After the definition of the models and parameters for the variograms, the data were interpolated by ordinary kriging to map the leaf nutrients and the yield variables (Figure 1).

**Figure 1.** Thematic maps for the leaf nutrients and for the yield variables.

The correlations (Table 2) become evident by observing the thematic maps (Figure 1) of the variables and nutrients assessed in the study.

Areas with higher Zn levels also have the highest production of fresh cherries and green coffee. Zn is highly demanded for the synthesis of essential amino acids that are precursors of the indole acetic acid (IAA), which induces branch elongation. Zinc deficiency causes reduction in internodes, smaller leaves, rosettes formation, low dry matter production, affects filling and bean size and consequently the final yield (Tomaz *et al.* 2011).

Yields are higher where the B levels are lower, showing an interaction between Zn and B and indicating that the Zn availability is higher in plants with lower B leaf contents. According to Epstein and Bloom (2006) and Malavolta *et al.* (2002), nutrients are able to interact with each other interfering with their assimilation and utilization.

Ca contents were negatively correlated with QRend. It was found that the north side of the coffee tree has the highest Ca contents and, consequently, the lowest QRend. This indicates a direct relationship between the amounts of Ca in the leaves and a smaller drop in bean yield.

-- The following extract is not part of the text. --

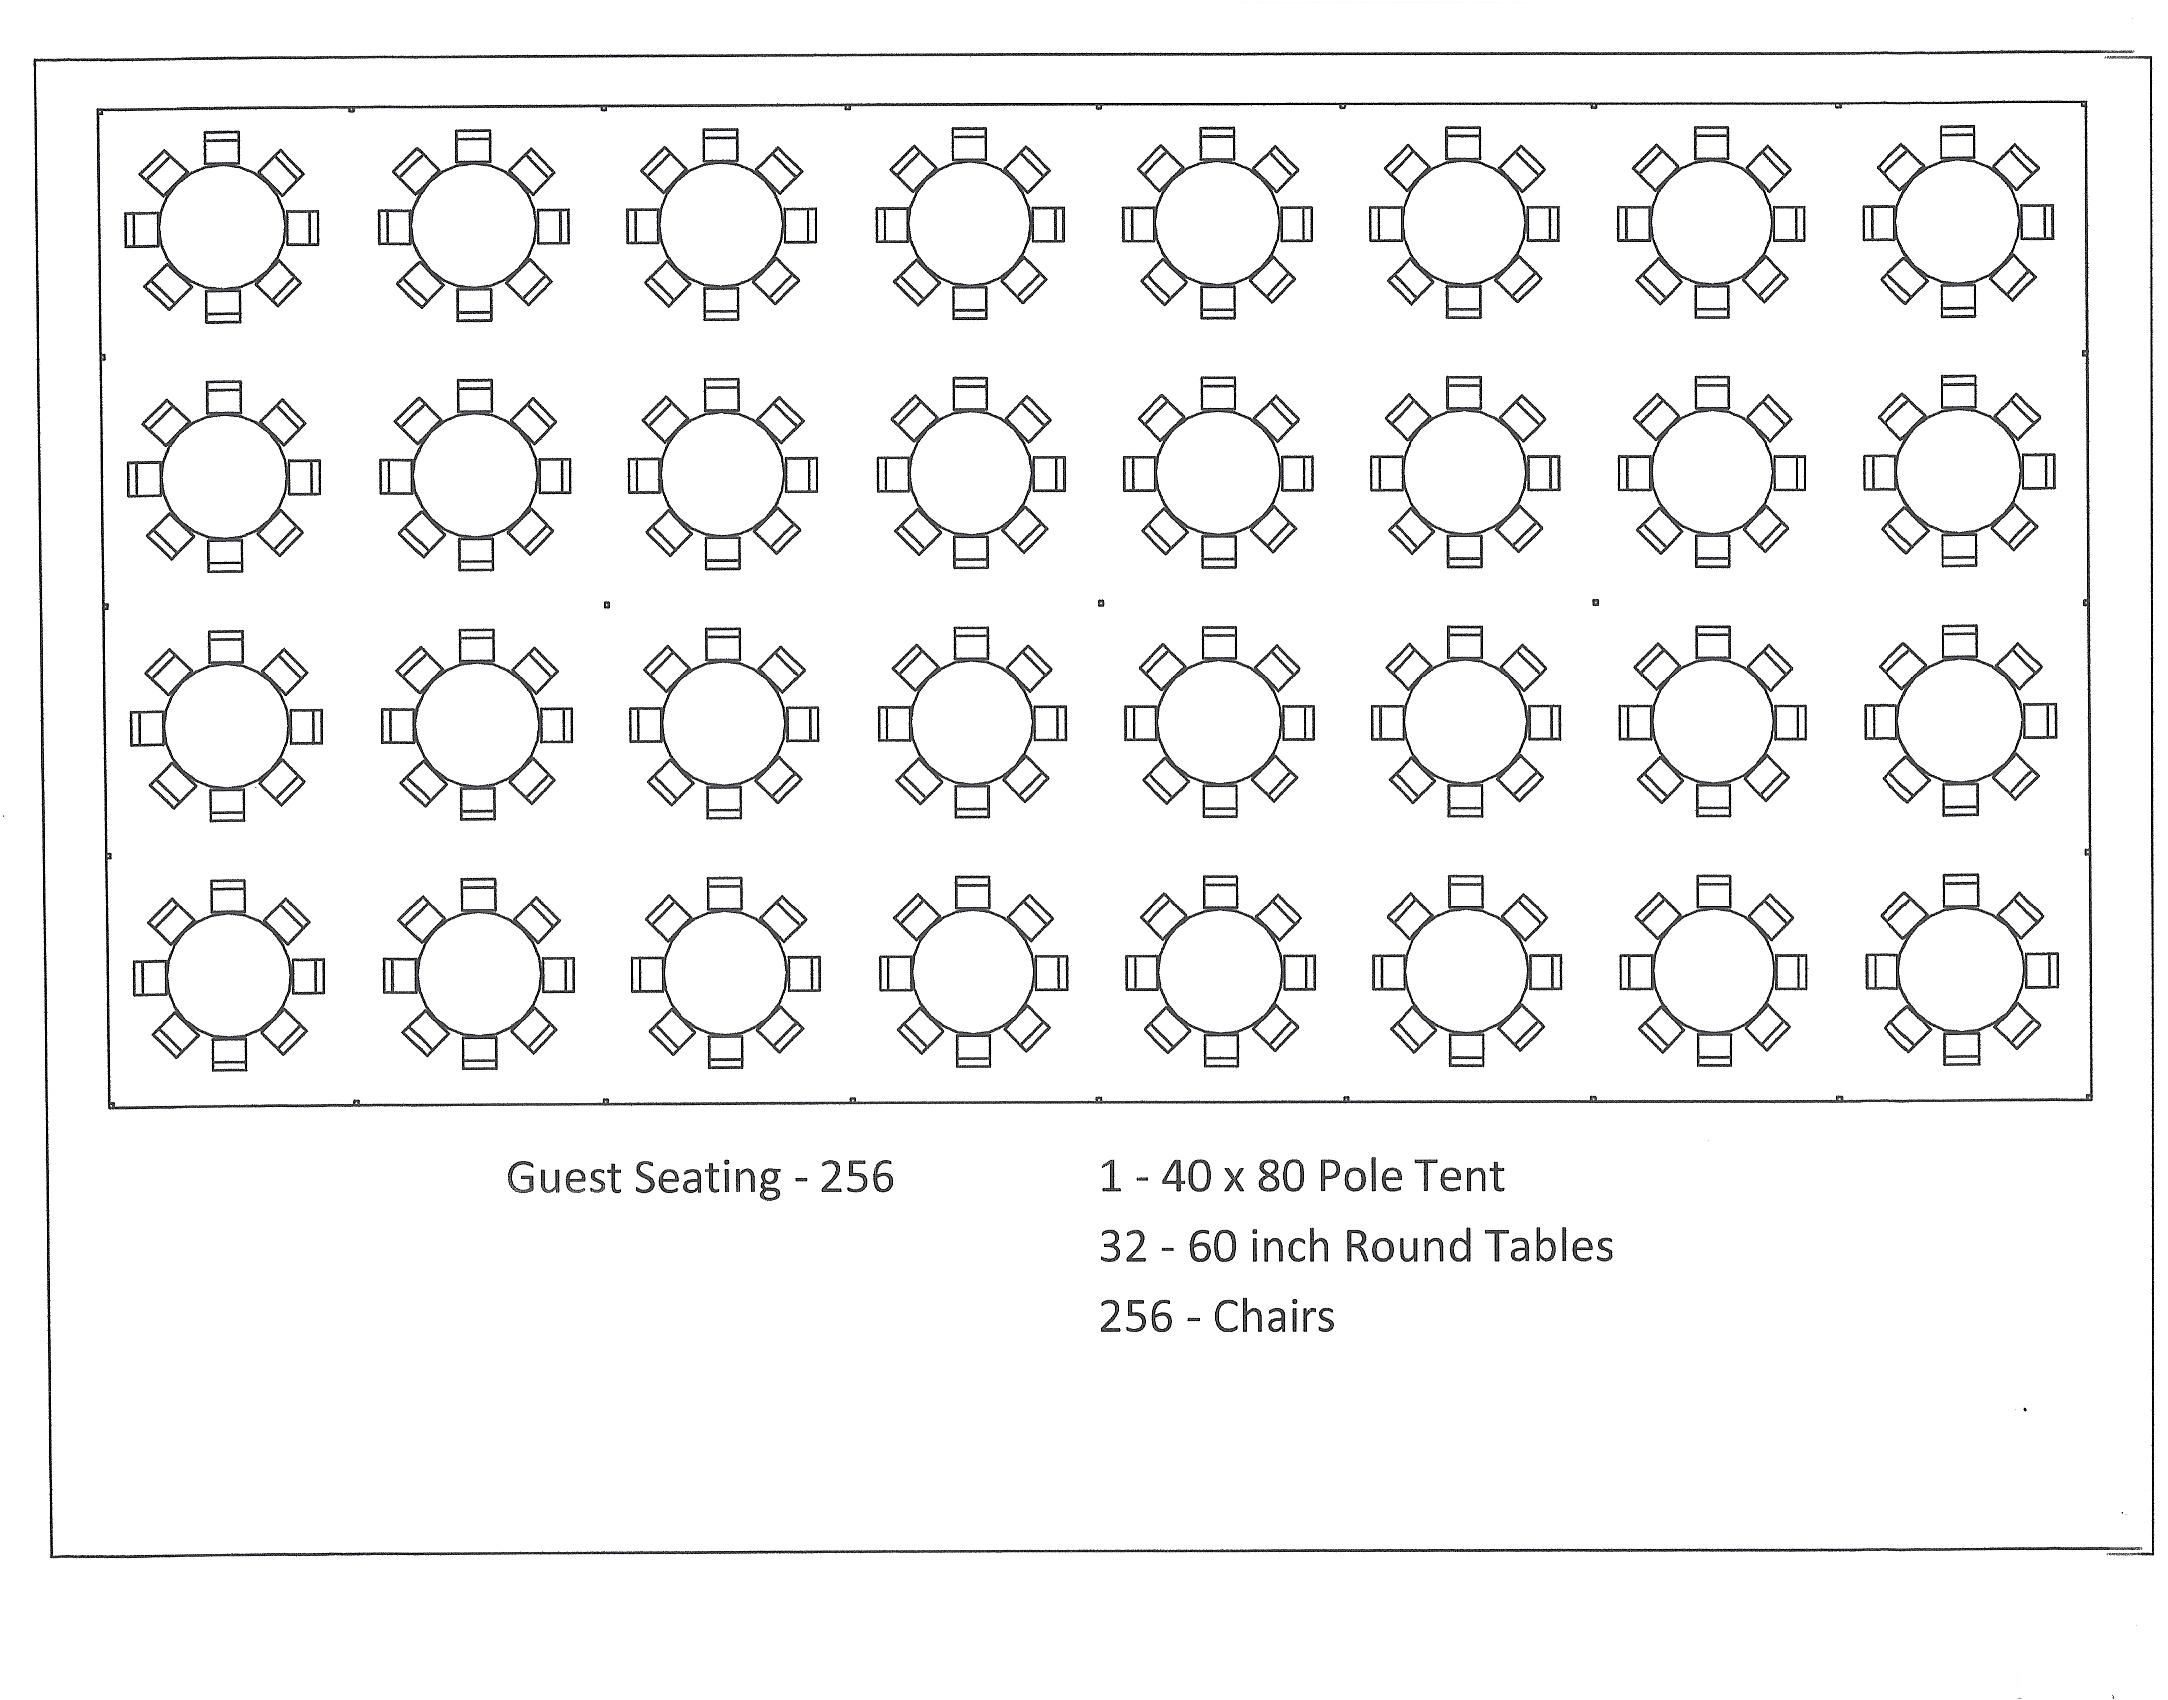 sc 1 st  Canton Canopies & 40 x 80 Pole Tent Seating Arrangements

Ca contributes significantly to a lower ratio of fresh cherry to benefited coffee. Vitti *et al.* (2006) argued that Ca is directly related to biomass accumulation in plants because of its physiological role in important pathways, directly affecting the bean yield.

The positive influence of K on bark percentage was expected. Unlike the beans that tend to accumulate more nitrogen, phosphorus, magnesium and sulfur, the coffee bark accumulates mainly calcium and potassium (Valarini *et al.* 2005).

**4. Conclusions**

Spatial analysis techniques allowed the assessment of the spatial behavior of the crop and helped to identify areas of specific management for each element involved in the study. This study was conducted at the local level with a 99% confidence level and identified a statistically significant spatial relationship between K, Ca, Zn and B leaf contents and yield variables.

Our results provide guidance on how best to manage the coffee crop and achieve higher yields and smaller drops in bean yield. Using this methodology, it is possible to change the balance between leaf nutrients and reach levels of no deficiency through fertilization practices guided by thematic maps for each element, but especially for those that are correlated with yield variables.

Ca provided the smallest drop in bean yield, while the leaf contents of B and Zn showed opposite behavior in terms of production and yield of coffee, which is explained by the adequate leaf concentration of the former and the deficiency of the latter.

The spatial analysis allowed the assessment of the nutritional status of the coffee trees considering the spatial variability that exists in the crop field. It also supplied information to understand the performance of the crop in the area and to promote actions to avoid this problem. In this study, excess and deficiency of some nutrients contributed to lower coffee yield.